Similarity-as-Evidence: Calibrating Overconfident VLMs for Interpretable and Label-Efficient Medical Active Learning¶
Conference: CVPR2026 arXiv: 2602.18867 Code: To be confirmed Area: Multimodal VLM Keywords: Active Learning, Vision-Language Models, Uncertainty Quantification, Dirichlet Distribution, Evidential Deep Learning, Medical Image Classification, Calibration
TL;DR¶
This paper proposes the Similarity-as-Evidence (SaE) framework, which reinterprets VLM text-image similarities as Dirichlet evidence. A Similarity Evidence Head (SEH) is introduced to calibrate overconfident softmax outputs, and a dual-factor acquisition strategy based on vacuity and dissonance enables interpretable, label-efficient medical active learning, achieving a SOTA macro-average accuracy of 82.57% across 10 datasets under a 20% annotation budget.
Background & Motivation¶
High annotation cost: Expert annotation in medical image analysis is constrained by time, cost, and privacy regulations. Active learning (AL) maximizes model performance under limited annotation budgets by selecting the most informative samples.

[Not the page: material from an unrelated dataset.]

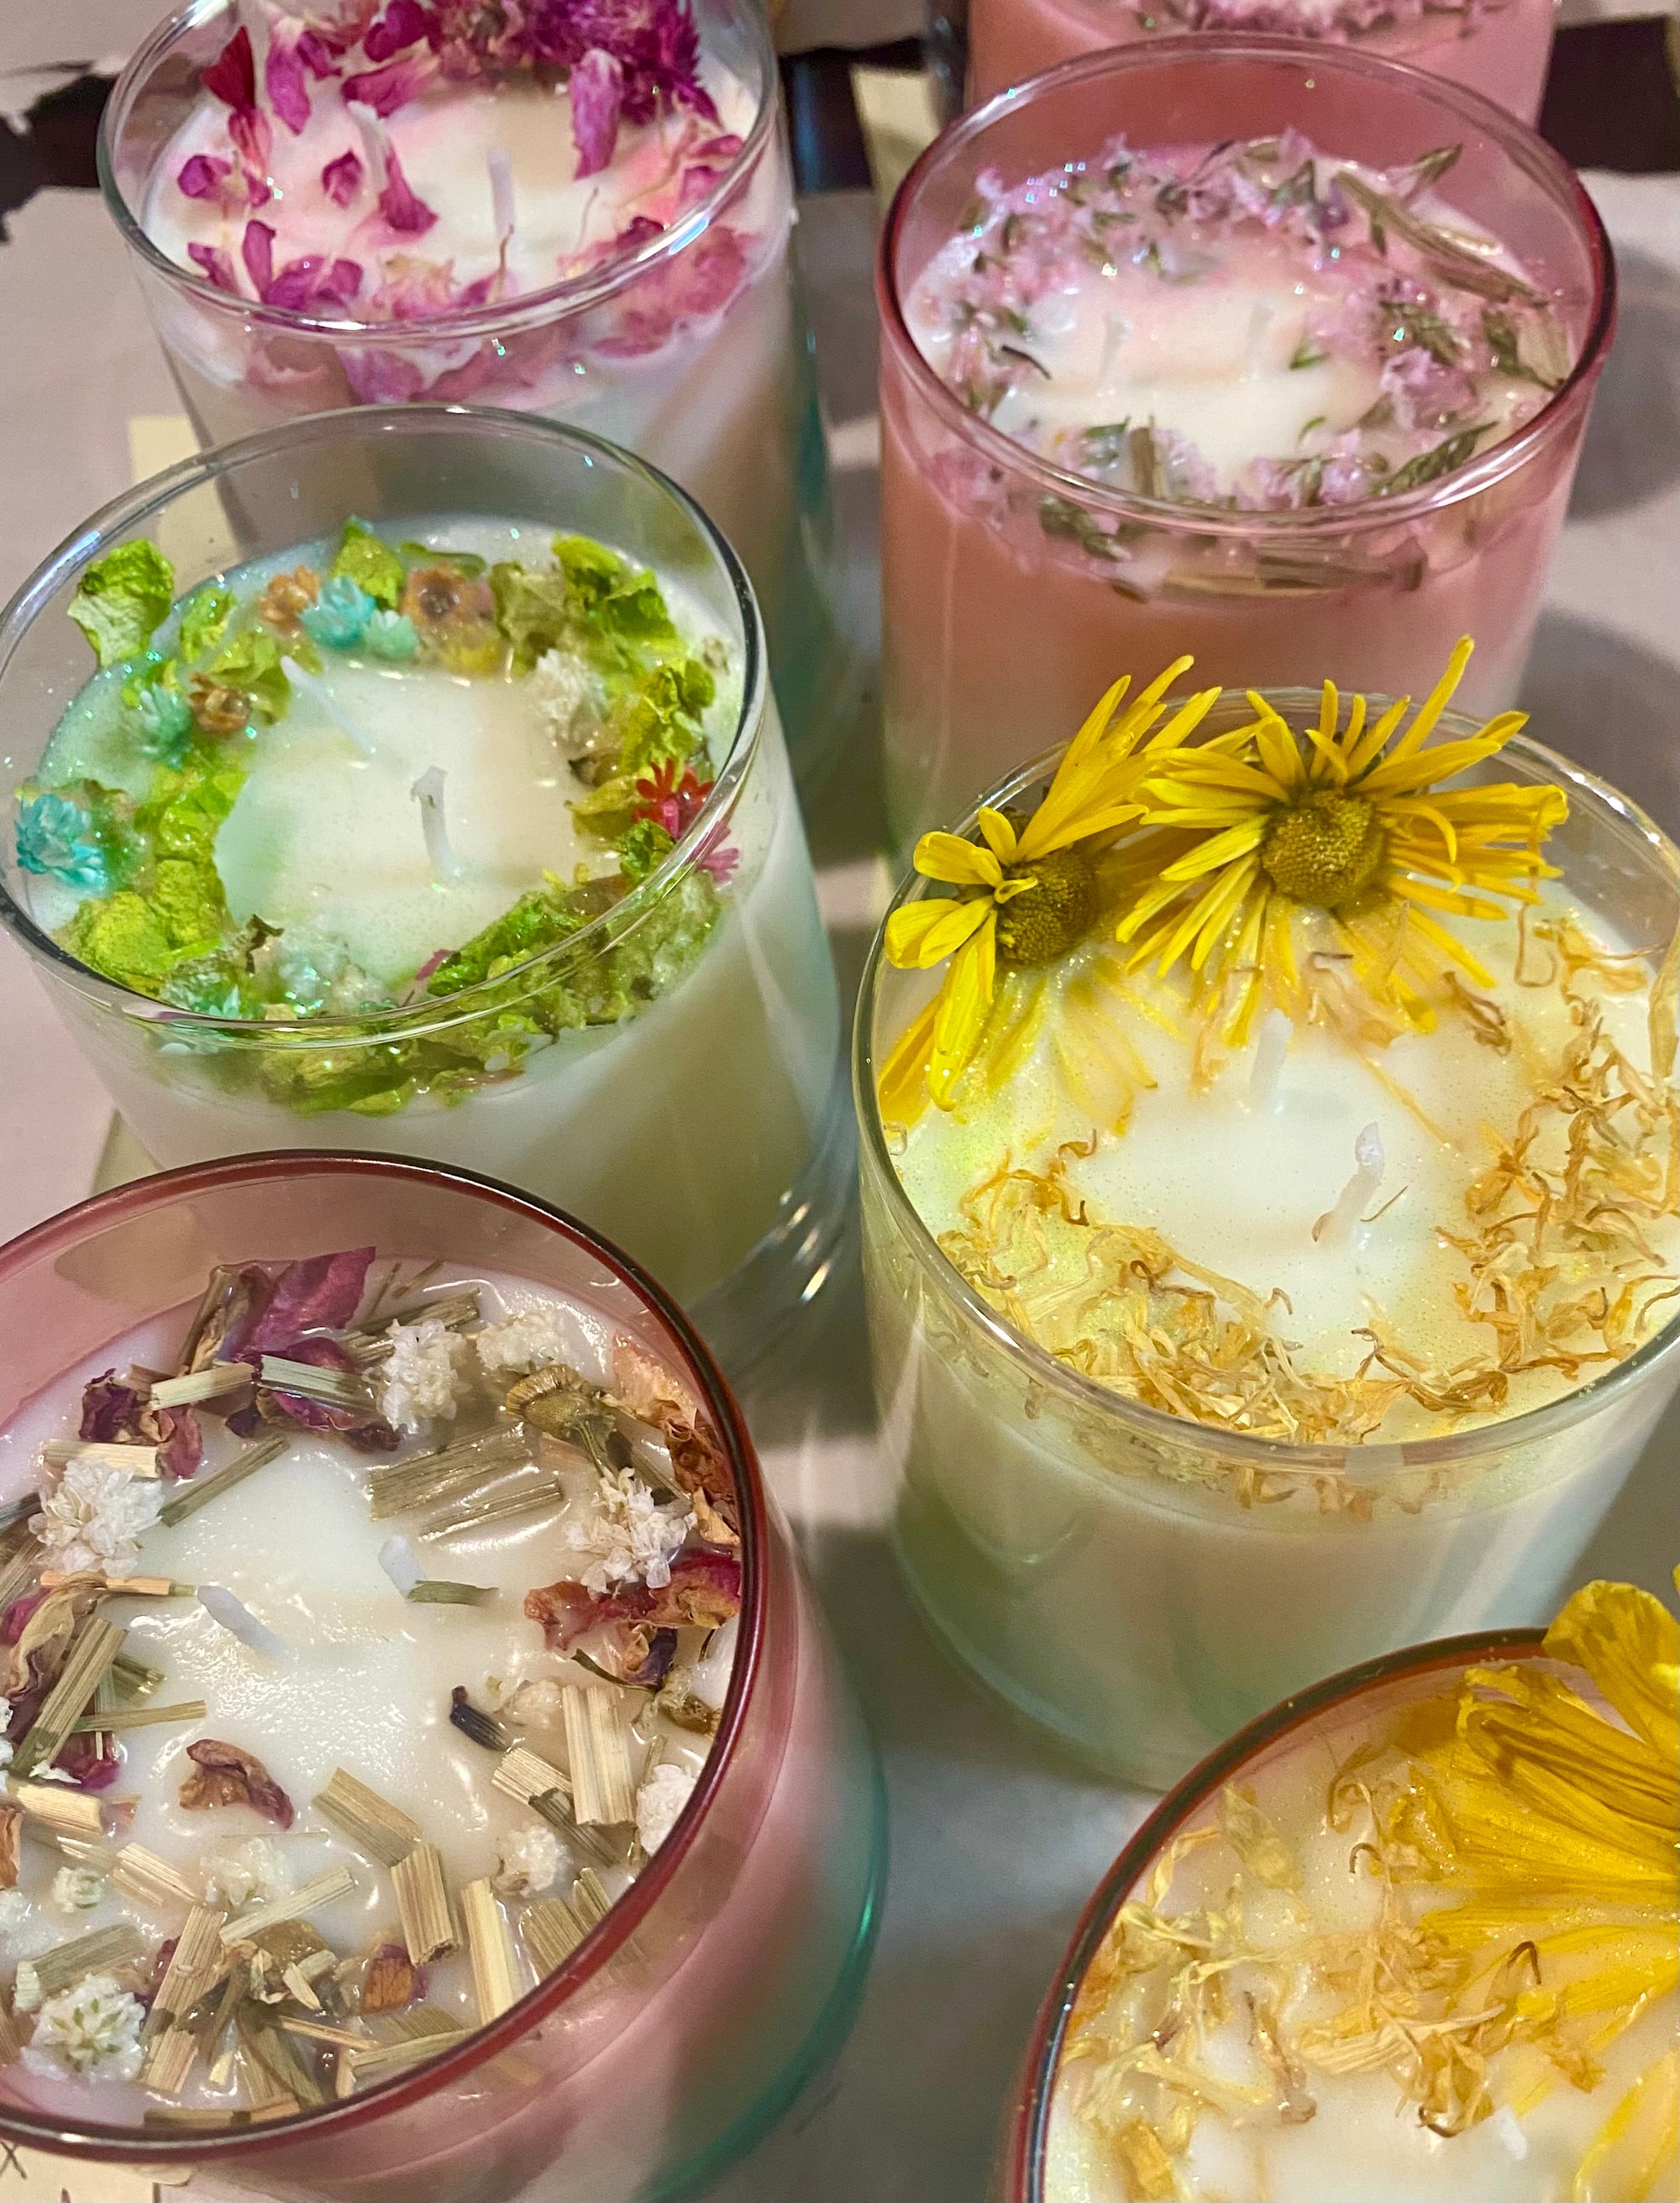 Floral Topped Soy Candles — Sungrove Blossoms - Rochester, NY Florist

Cold-start problem: Traditional AL methods yield unreliable predictions when initial labels are extremely scarce (e.g., 1–3 per class), leading to inefficient sample selection in early rounds and wasted annotation resources.
VLM overconfidence: VLMs convert cosine similarities to probabilities via temperature-scaled softmax, effectively treating geometric proximity as certainty, resulting in severe calibration bias—high confidence is assigned even to incorrect predictions.
Misleading acquisition functions: Overconfidence causes models to favor samples they already "understand" rather than those most beneficial for performance improvement, wasting the annotation budget.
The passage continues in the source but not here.